= Richard G. Austin (weightlifter) =

American weightlifter (1931–2020)

Richard G. Austin (March 17, 1931 – March 18, 2020) was an American amateur weightlifter and powerlifter and a member of the Maine Sports Hall of Fame.

==Life and career==
Austin lived in the Virginia section of Rumford all his school age years with an exception of a year when he lived in Boston. Dick took up weight training at age 13 and has continued that training habit to this day.

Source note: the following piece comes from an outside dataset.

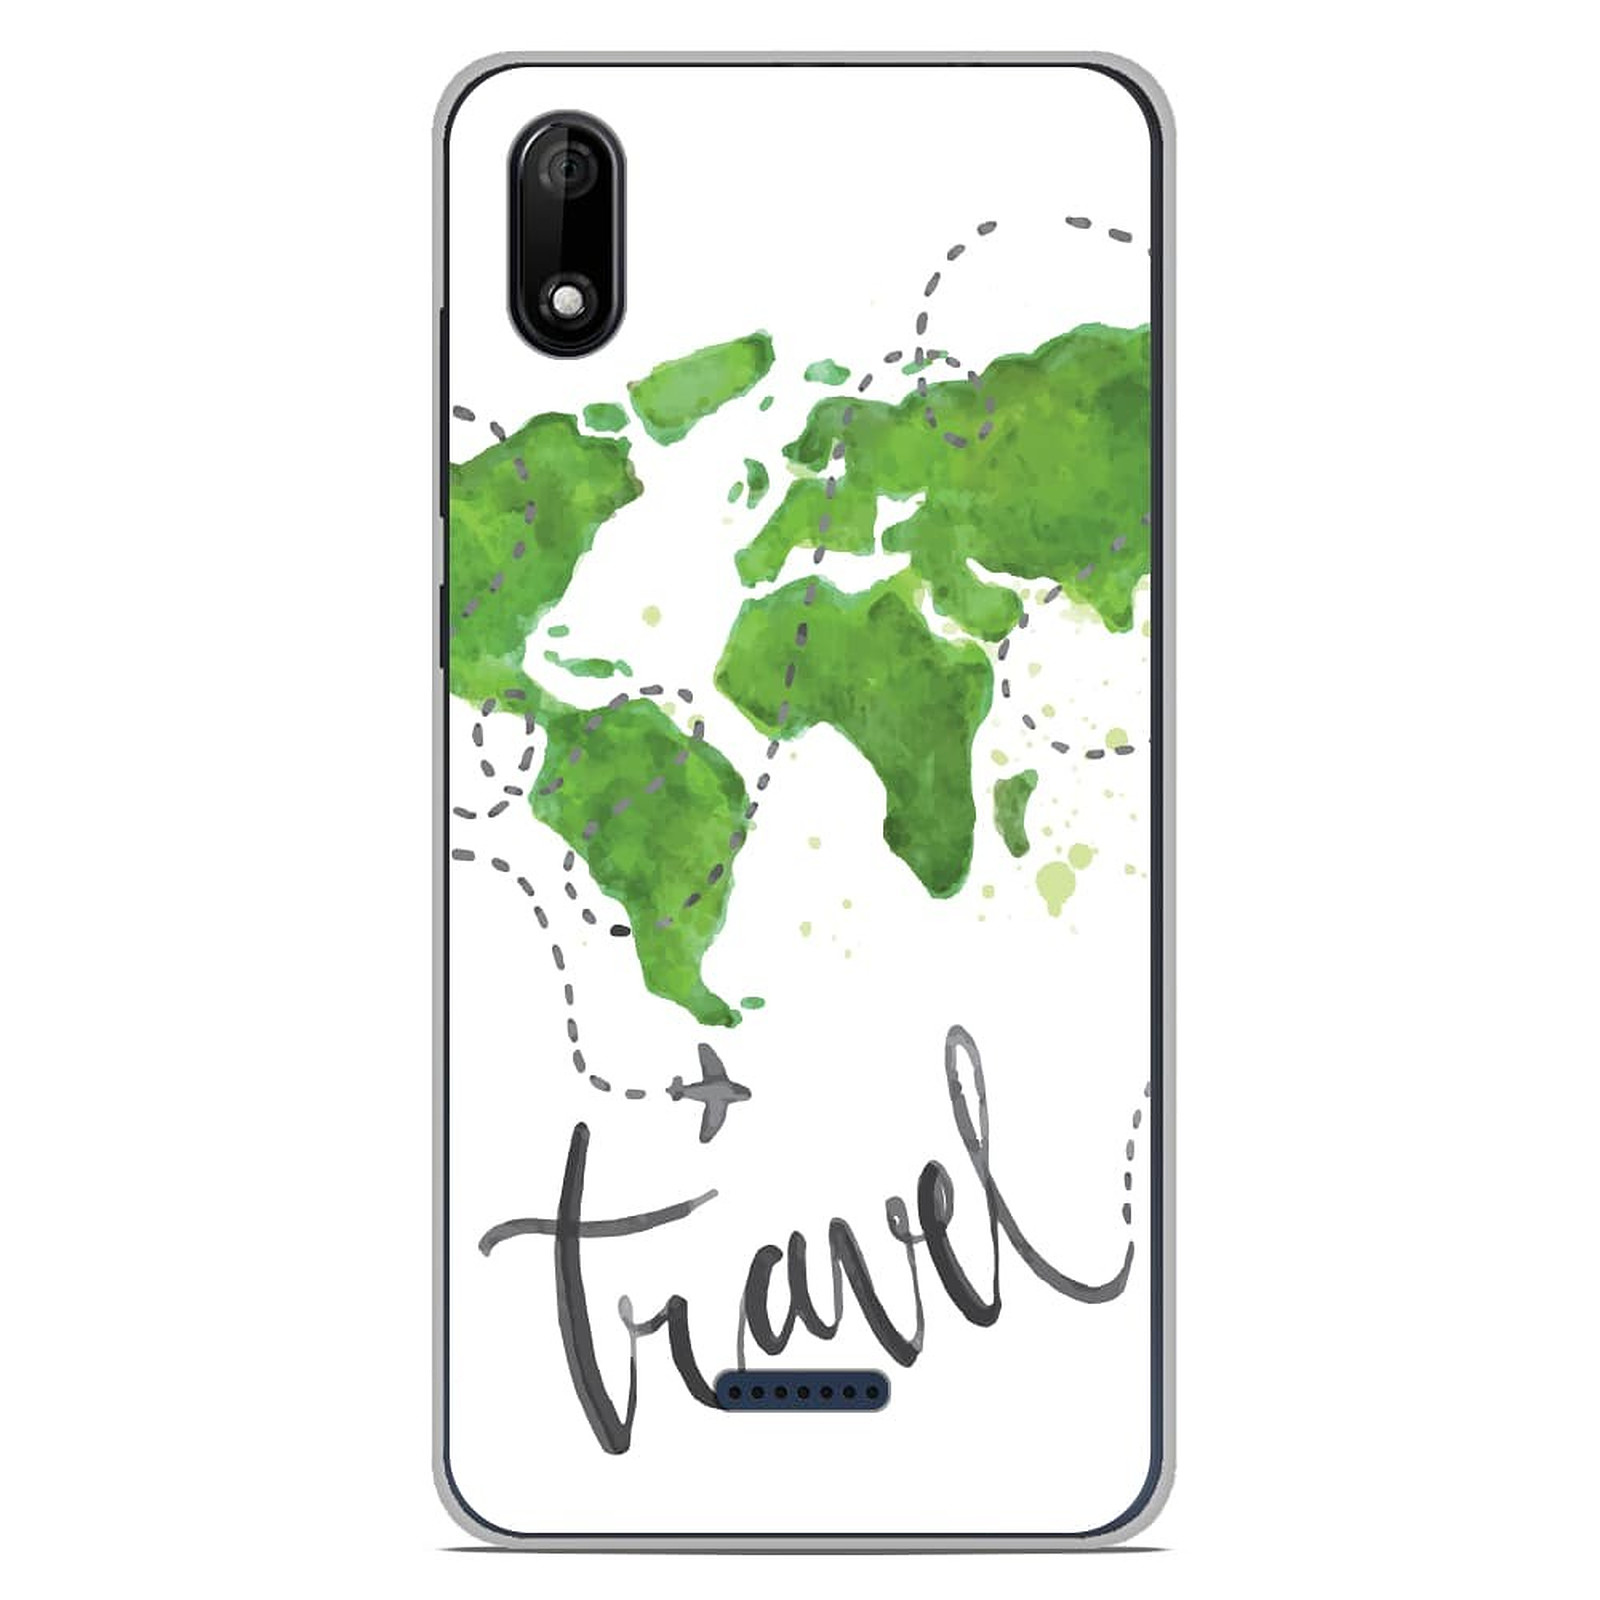 1001 Coques Coque silicone gel Wiko Y50 motif Map Travel - Coque telephone 1001Coques
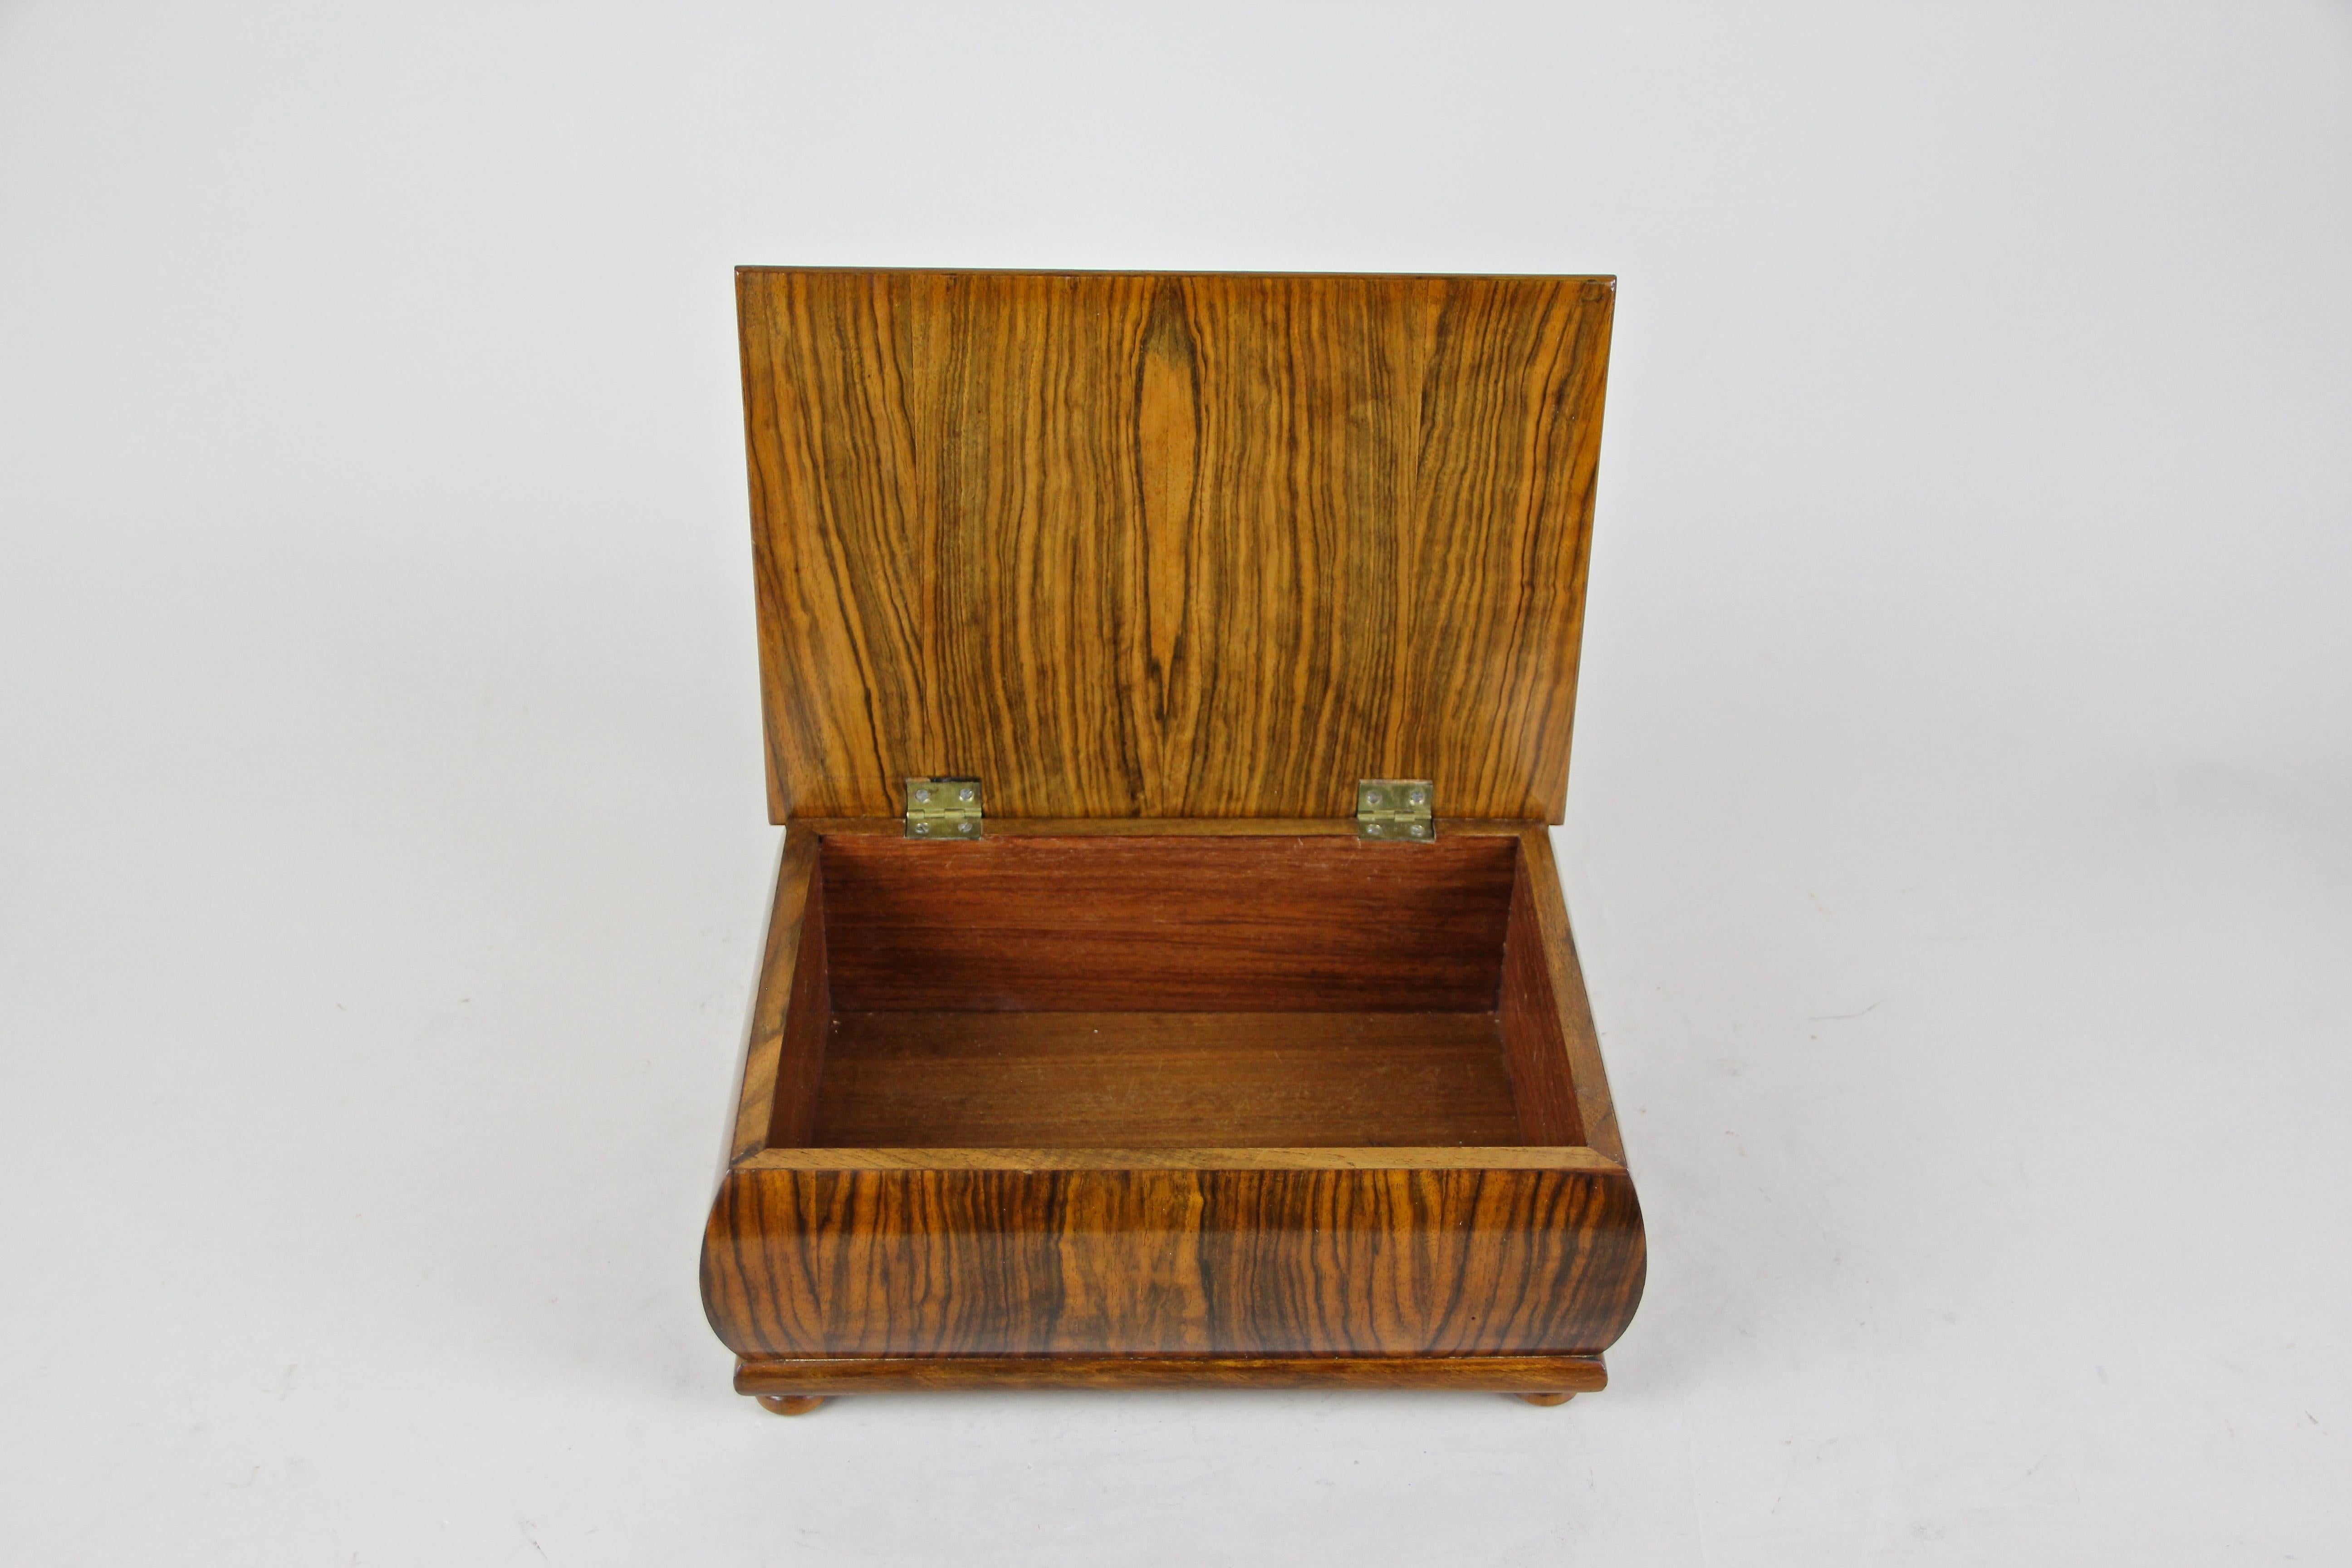 Decorative wooden Art Deco box with wonderful inlay work out of Austria, around 1920. Fine burl and nut wood veneer was arranged in a great manner to give this bulbous Art Deco box this unusual look. In the middle of the amazing book-matched burl

In 1946 at the age of 17 he quit school and went to work for the Gulf Oil Co. in Chelsea, Massachusetts for one year. At age 20 he went to work for Oxford Paper Co., retiring in 1989. After working at Oxford for a few months he enlisted into the Army Airborne for 3 years. This was during the Korean War. He got into the 82nd Airborne Division and made 33 jumps in all. Jumping out of airplanes excited him; he says it was an enjoyable experience to say the least. From 4-6-51 to 4-6-54 and army life wasn’t for him. Food was lousy! He finished his schooling when he first got in and got his GED Equivalency Diploma. After an honorable discharge he returned home and went back to work in one month. In 1955 he married Annette Salatino, who died 12-14-05. They have 5 children and 12 grandchildren. It 1958 he broke all the existing two and one arm weight lifting records in Maine. Regular training took place until Mike Roy talked him into power-lifting competition. By 1980 he won his first world title and has continued on ever since, never once being defeated. He says, I wonder what it’s like to come in second? In his mind, that’s the first loser. He has a half dozen world and half dozen national titles and many of his records still exist. In fact, Sunday, April 5 he broke 2 world records but there wasn’t any listed. At 78 he finds it quite lonely in finding competition at his age. In 1998 a huge party at the Legion hosted by his sister- in-law, Lucy Day was given for him. It turned out to be a huge roast from all his close friends. From there he traveled to Austria with son Dicky and won a world title in which 16 countries competed.

Jerry Perkins had some of his wrestlers train with him to develop added strength. Several hundred kids trained at his gym to improve their sports skills and some returned to train there during and after college. Advice on training is free and he shares his knowledge with anyone willing to listen. For 38 years Alan Cayer has been lifting with Dick and won 3 World Titles in the Power-Lifting World.

In 1999 Dick was inducted into the Maine Sports Hall of Fame. Prior to his death, he was on the board of directors and also on the Honors and Selection Committee, whose job is to select potential incoming inductees.